This repository contains the sample code that achieved 5th place in the KDD 2024 OAG-Challenge PST task. The technical report is available here: Leveraging Hybrid Embeddings and Data Augmentation for Identifying Significant References
If you are interested in this repository, please check out this report.
- Linux System
- Python 3.10
- CUDA 12.0
- NVIDIA A100 80G
Clone this repository.
git clone
cd kddcup_oag-challenge-pst_rank6
Please install dependencies by
pip install -r requirements.txt
The dataset can be downloaded from BaiduPan with password bft3, Aliyun or DropBox. The paper XML files are generated by Grobid APIs from paper pdfs. And please download the DBLP-Citation-network V16 from DBLP and version OAG 3.1 from OAG, extract them, and place them in the data folder.

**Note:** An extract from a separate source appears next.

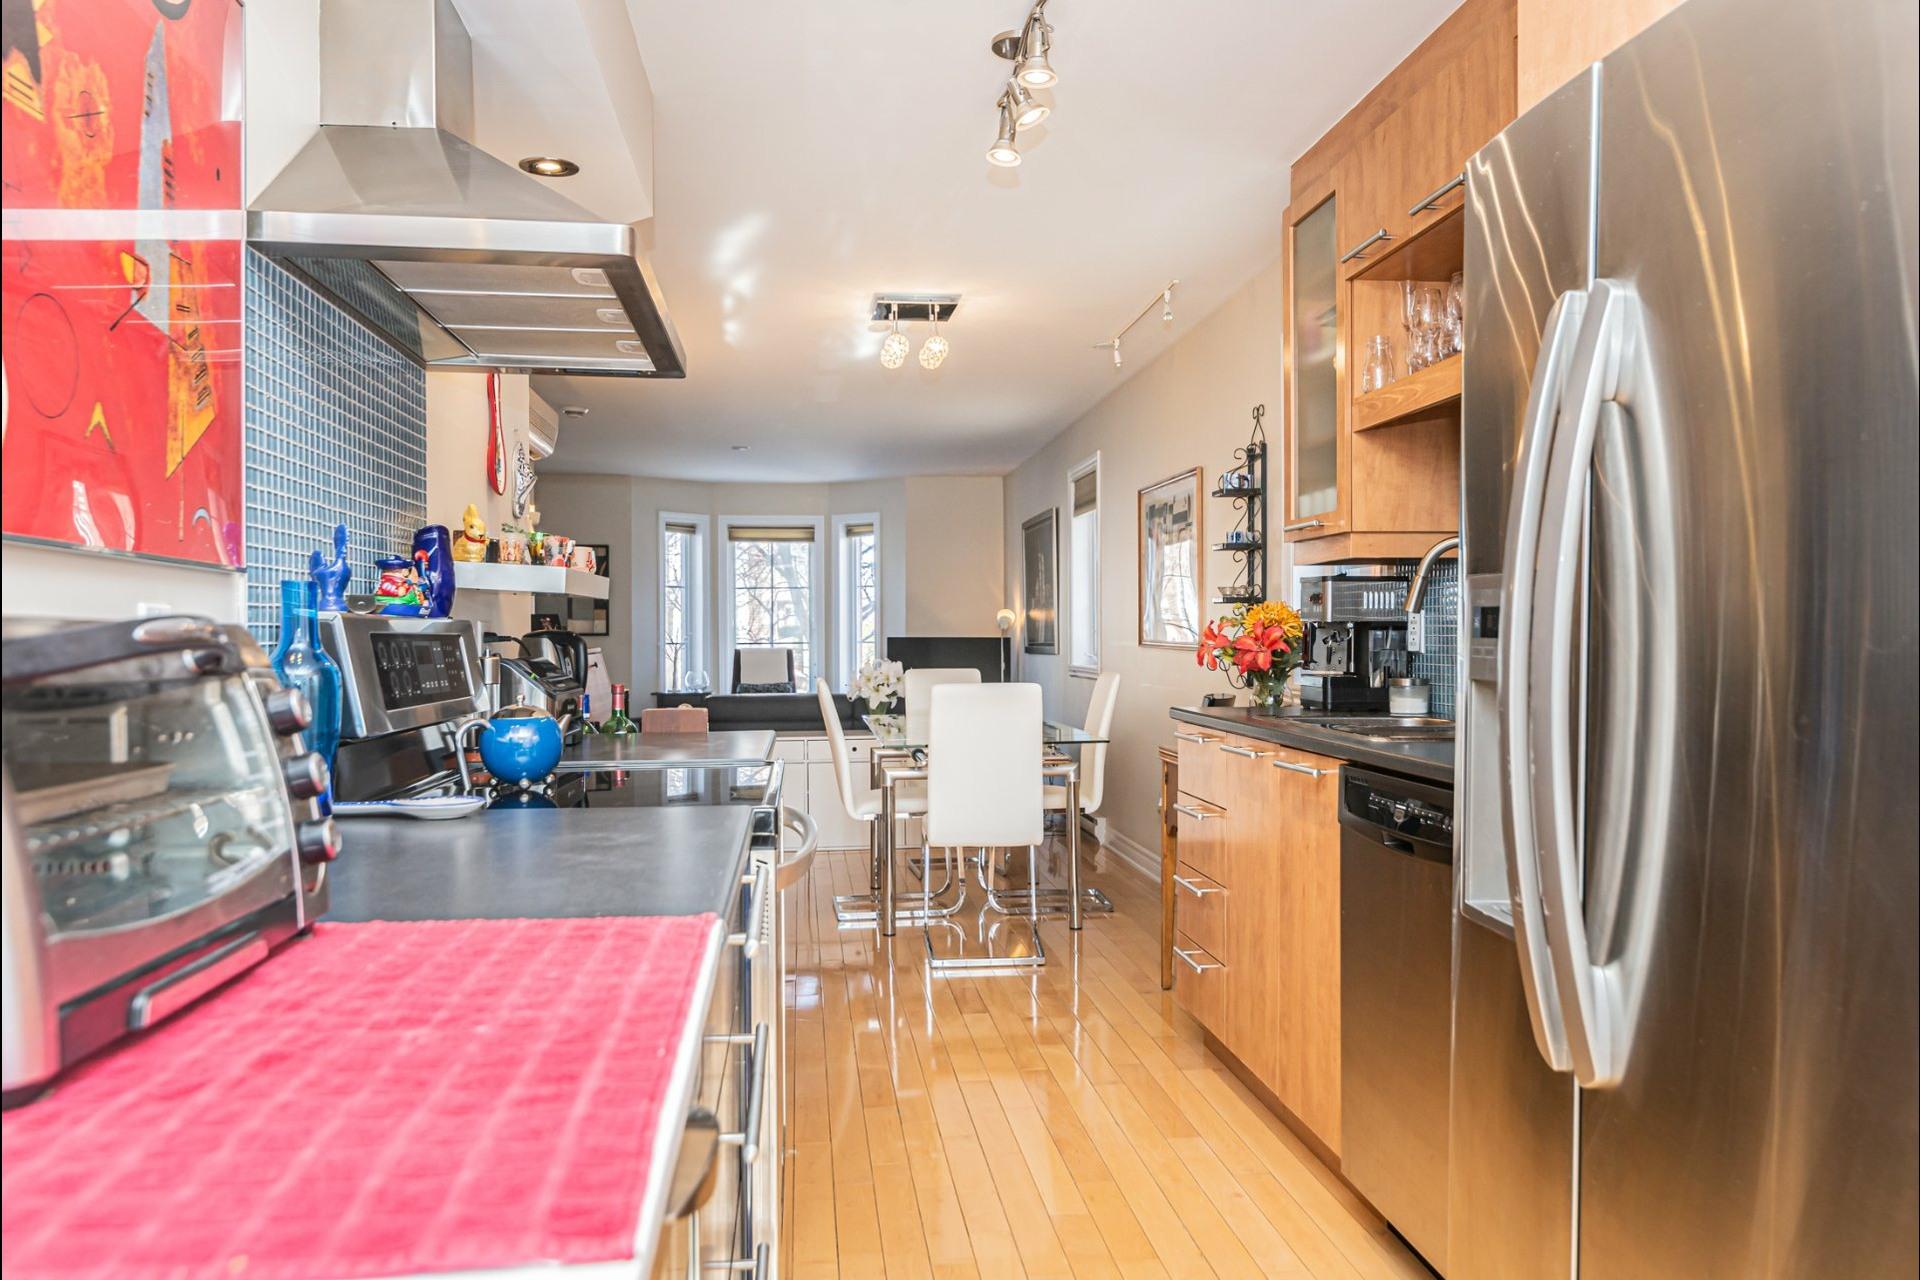 image 8 - Departamento En venta Saint-Laurent Montréal  - 4 habitaciones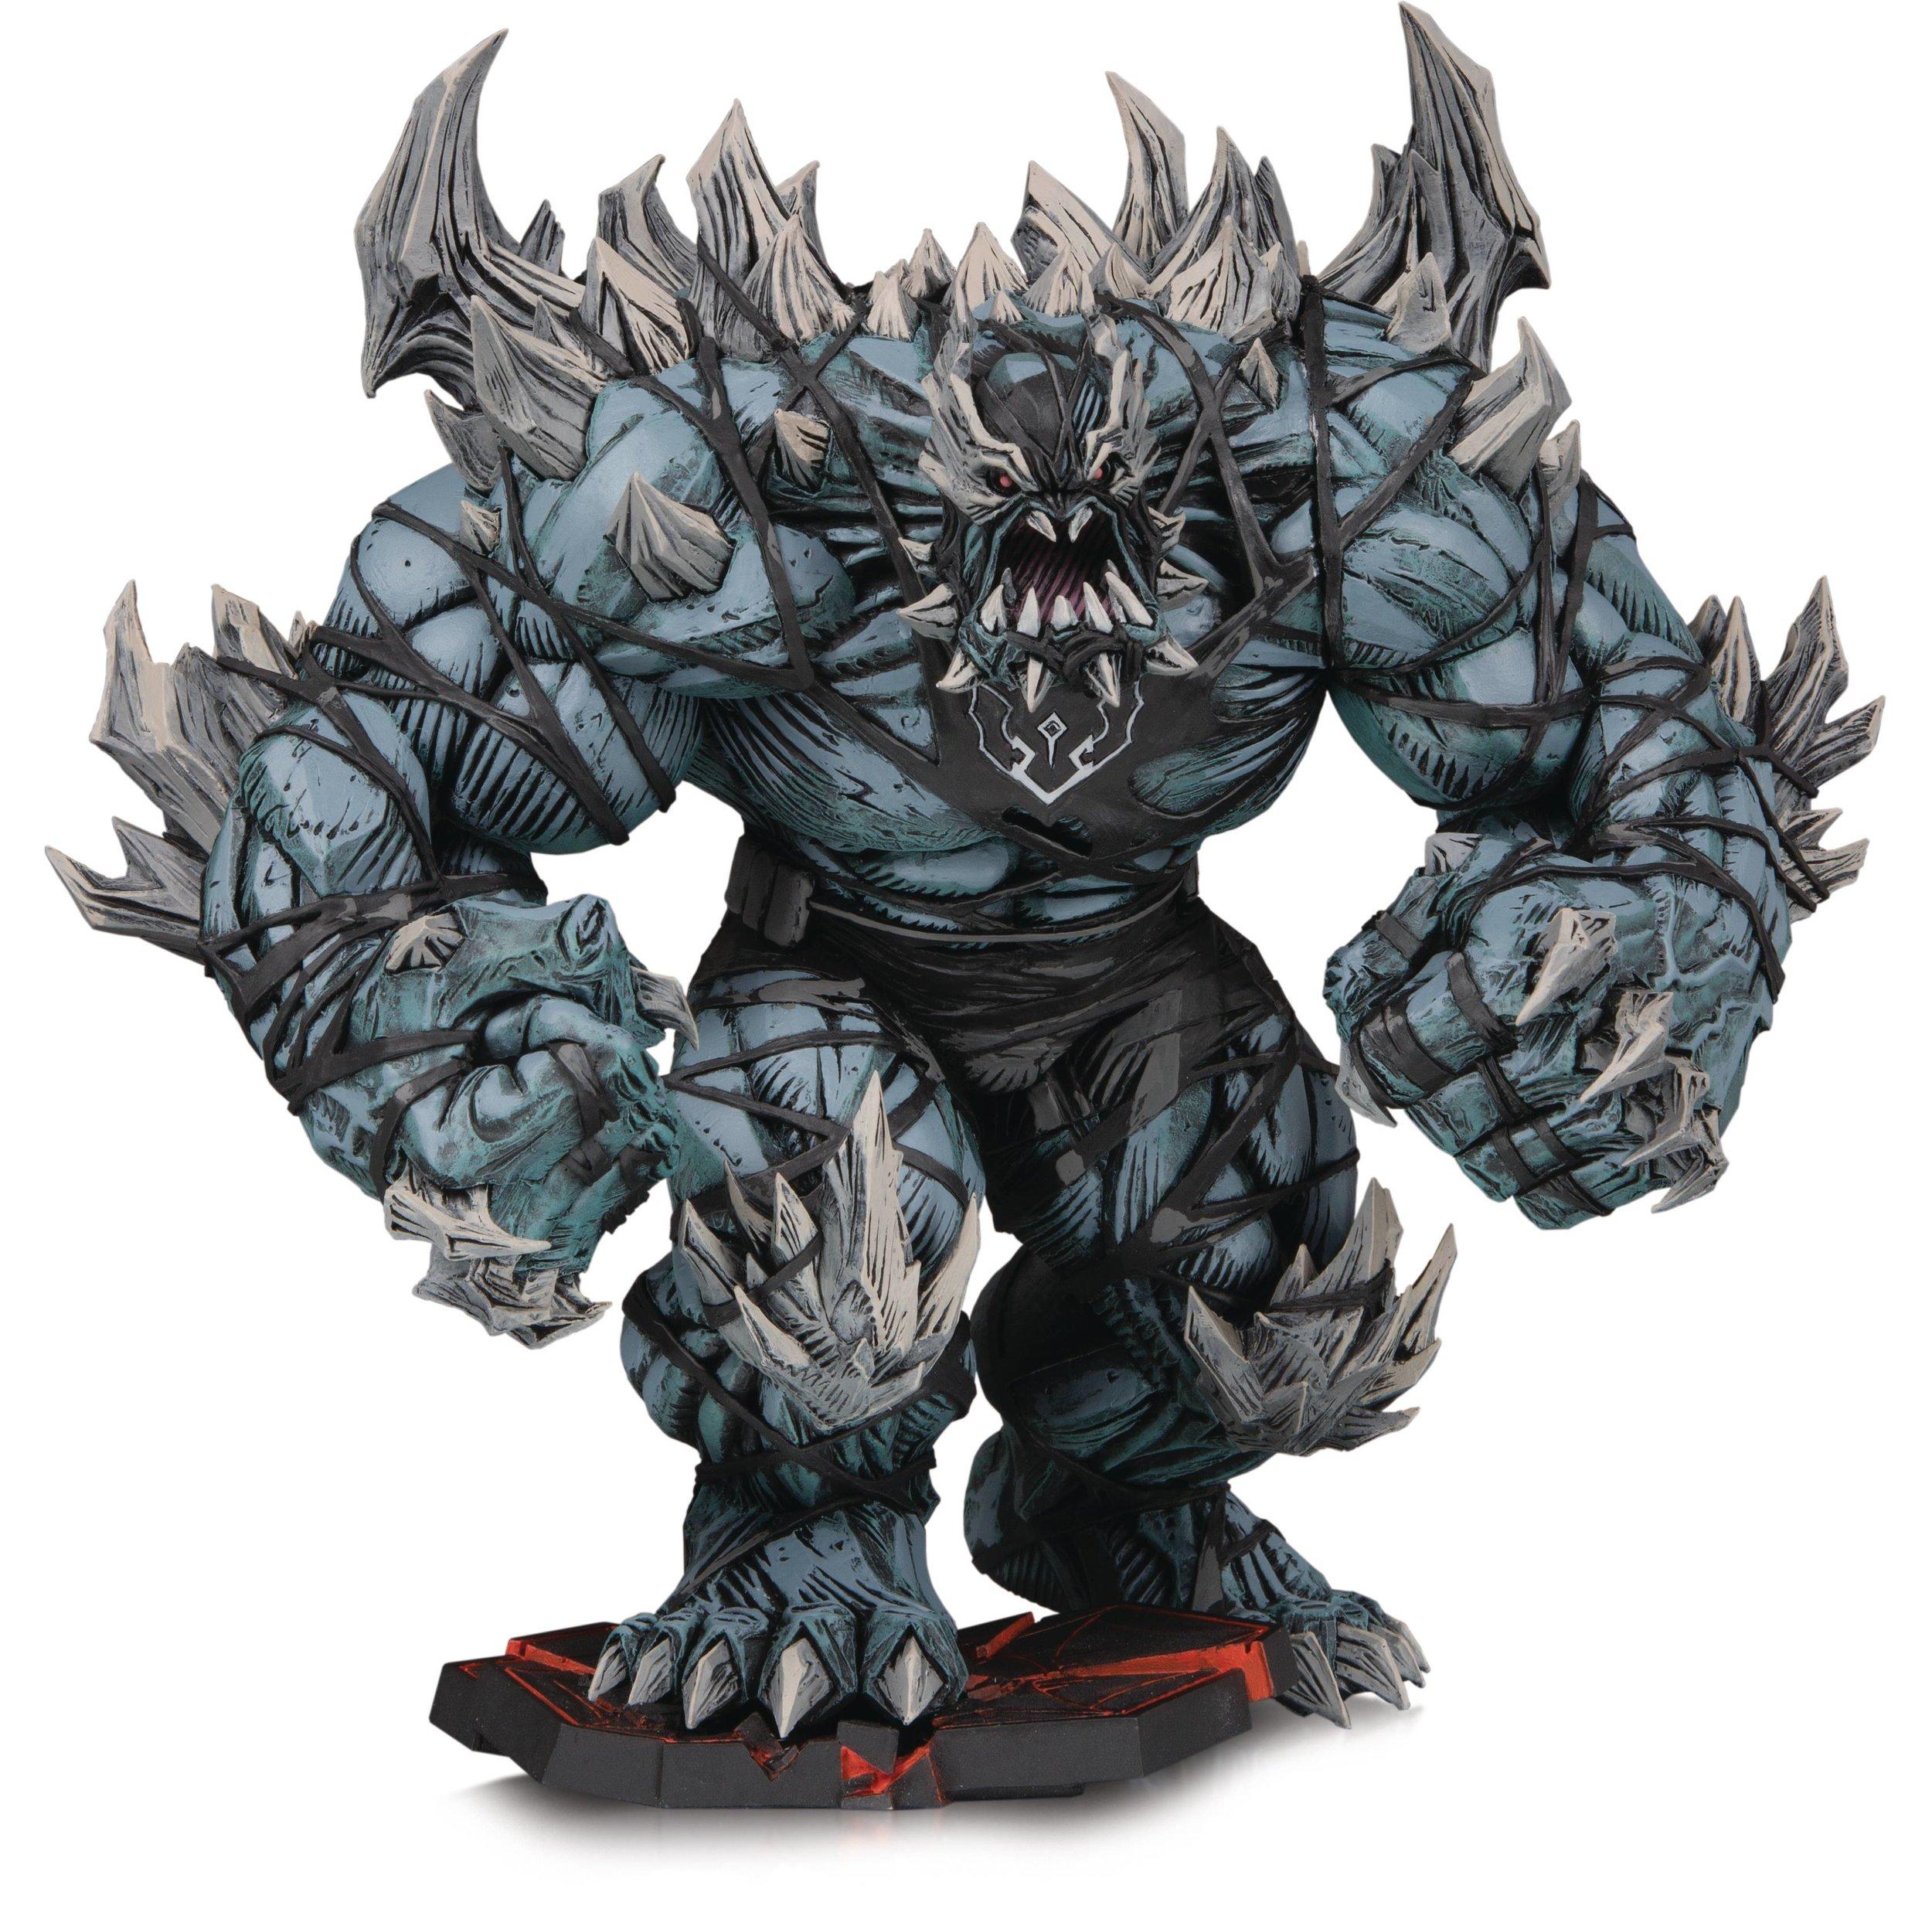 DARK KNIGHTS METAL BATMAN THE DEVASTATOR STATUE

--kddcup2024-oagpst-solution
--script
--...(some files)
--data
--PST
--...(some files)
--paper-xml(load competition dataset)
This notebook processes data for this competition and creates hand-crafted features. It corresponds to the section "Data Extraction from XML Files."
This notebook generates text embedding features using the text embedding model 'multilingual-E5-large.' It corresponds to the section "Generation of Textual Features."
This notebook creates graph features using the node embedding model 'node2vec.' It corresponds to the section "Generation of Network Features."
These notebooks handle model training, ensembling with data augmentation, and inference using the best ensemble model. They correspond to the sections "Model Training and Inference" and "Experiments."